The mention of his name makes Lev begin to panic. Lev knew his background would be checked and rechecked. That’s what happens to clappers—their whole life becomes pages pasted on a wall to be examined, and the people in their lives become suspects. Of course, that usually happens after the clapper has applauded his way into the next world.
“CyFi had nothing to do with this!” says Lev. “Nothing at all. They can’t pull him into this!”
“Calm down. He’s fine. It just so happens that he’s come forward and is making a big stink—and since he knew you, people are listening.”
“A stink about me?”
“About unwinding,” says Pastor Dan, for the first time moving closer to Lev.
“What happened at Happy Jack Harvest Camp—it got a whole lot of people talking, people who had just been burying their heads in the sand. There have been protests in Washington against unwinding—Cyrus even testified before Congress.”
Lev tries to imagine CyFi in front of a congressional committee, trash-talking them in prewar sitcom Umber. The thought of it makes Lev smile. It’s the first time he’s smiled in a long time.
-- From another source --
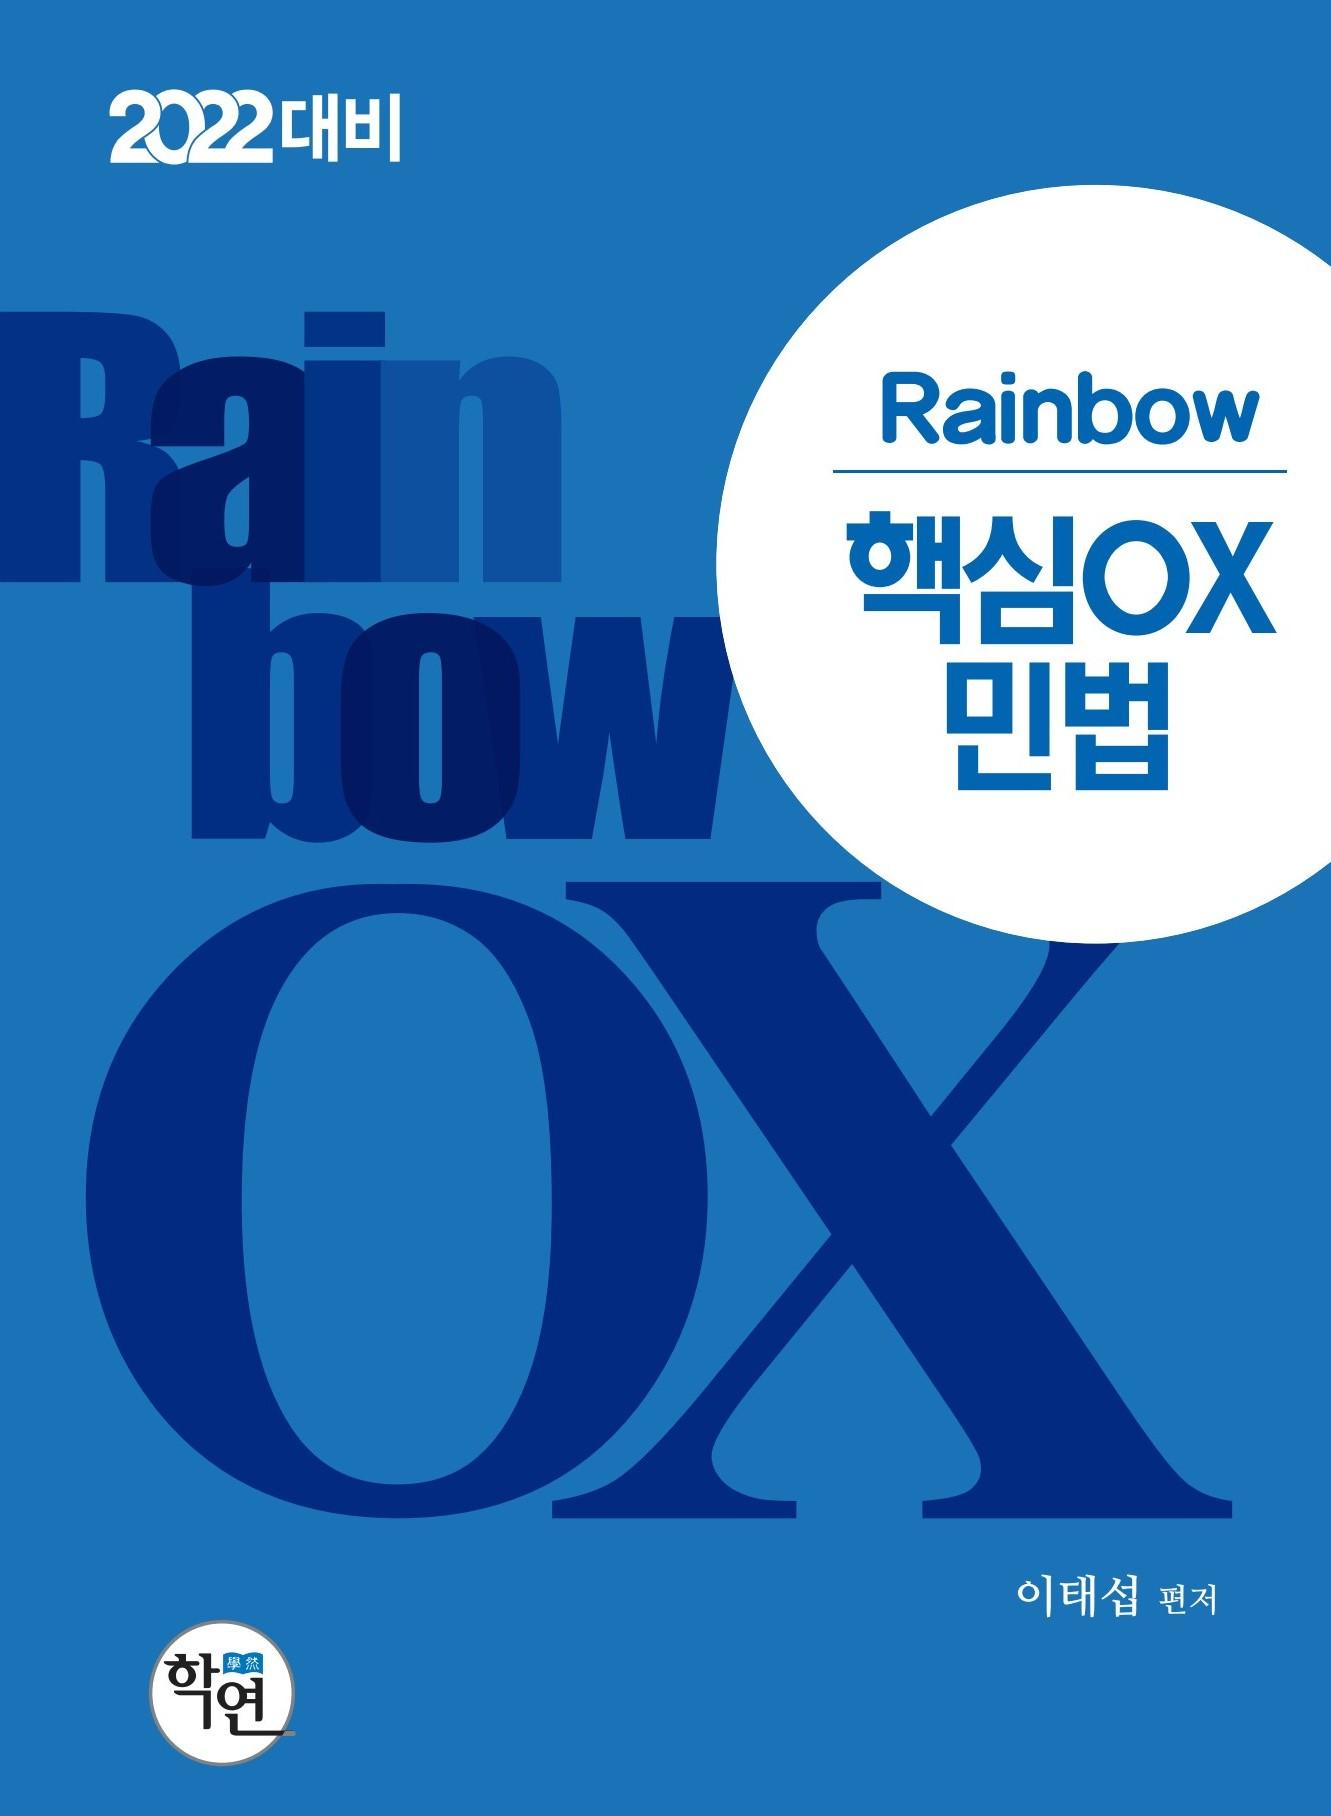 [법무사] 2022 Rainbow 핵심 OX 민법 (이태섭 저)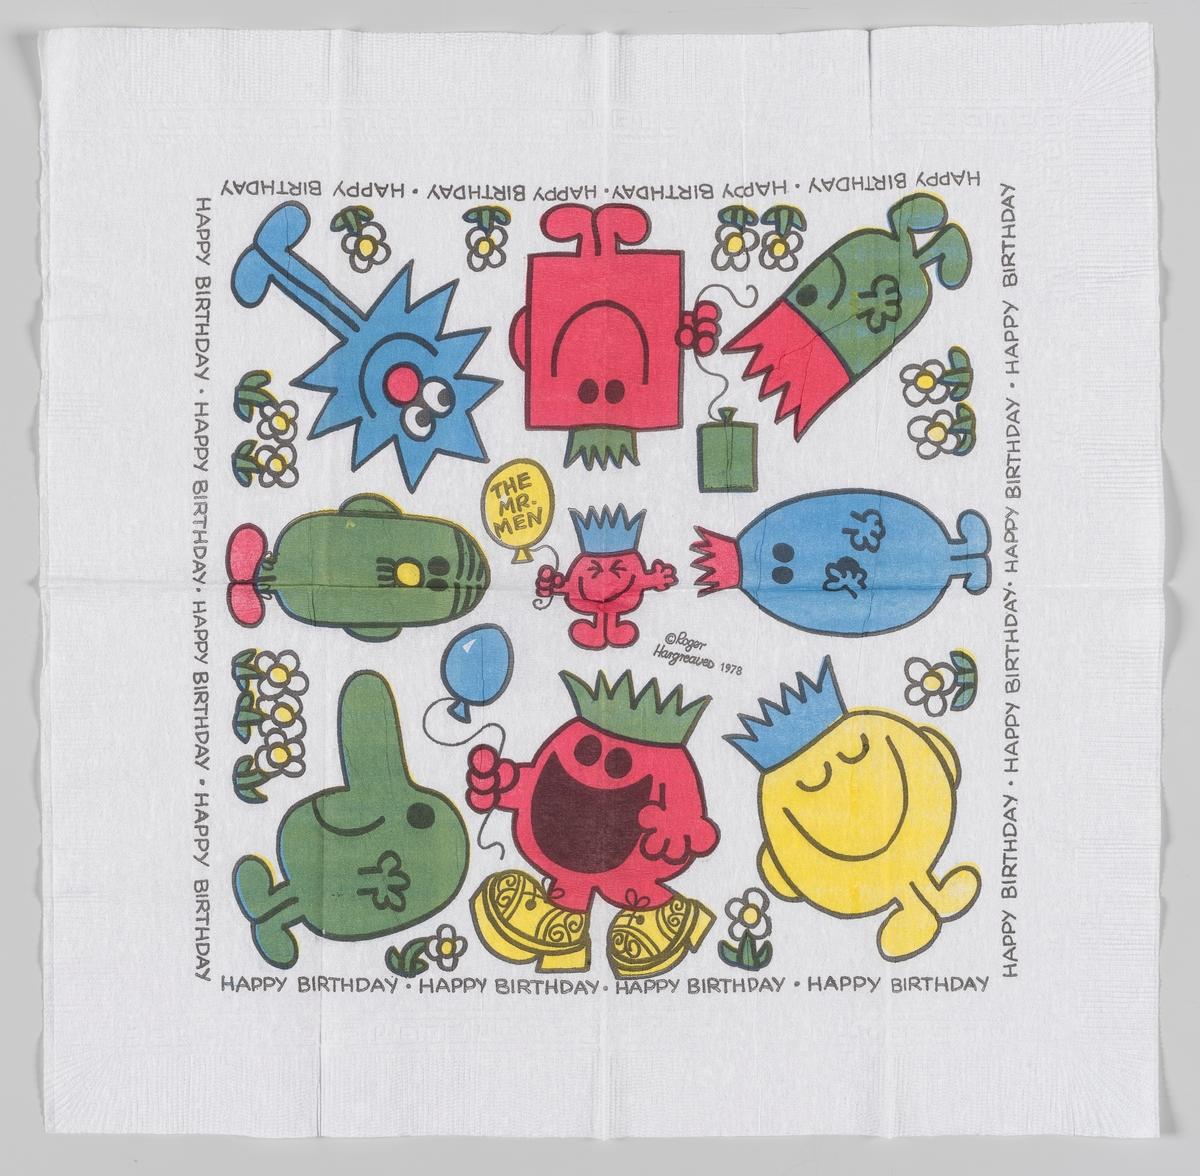 Mange figurer uten krop og med smilende ansikter i forskjellige farger.  Den engelske forfatter og illustratør Roger Hargreaves utga i 1971 serien Mr. Men som er oversatt og solgt til mange land verden over.

“There’s talk that they might even lower the legal age of adulthood from eighteen to seventeen. That’ll save a full fifth of all the kids marked for unwinding.”
“That’s good,” says Lev.
Pastor Dan reaches into his pocket and pulls out a folded piece of paper. “I wasn’t going to show you this, but I think you need to see it. I think you need to understand where things have gone.”
It’s the cover of a magazine.
Lev’s on it.
Not just on it, Lev is the cover. It’s his seventh-grade baseball picture—mitt in hand, smiling at the camera. The headline reads, WHY, LEV, WHY? In all the time he’s had here alone to think and rethink his actions, it never occurred to him that the outside world had been doing the same thing. He doesn’t want this attention, but now he’s apparently on a first-name basis with the world.
“You’ve been on the cover of just about every magazine.”
He didn’t need to know that. He hopes that Pastor Dan doesn’t have a whole collection of them in his pocket. “So what,” Lev says, trying to act as if it doesn’t matter. “Clappers always make the news.”
“Their actions make the news—the destruction they’ve caused—but nobody ever cares who a clapper is. To the public all clappers are the same. But you’re different from those others, Lev. You’re a clapper who didn’t clap.”
“I wanted to.”
“If you wanted to, you would have. But instead you ran into the wreckage and pulled out four people.”
“Three.”
“Three—but you probably would have gone in for more if you could have. The other tithes, they all stayed back. They protected their own precious parts. But you basically led that rescue effort, because there were ‘terribles’ who followed you in to bring out survivors.”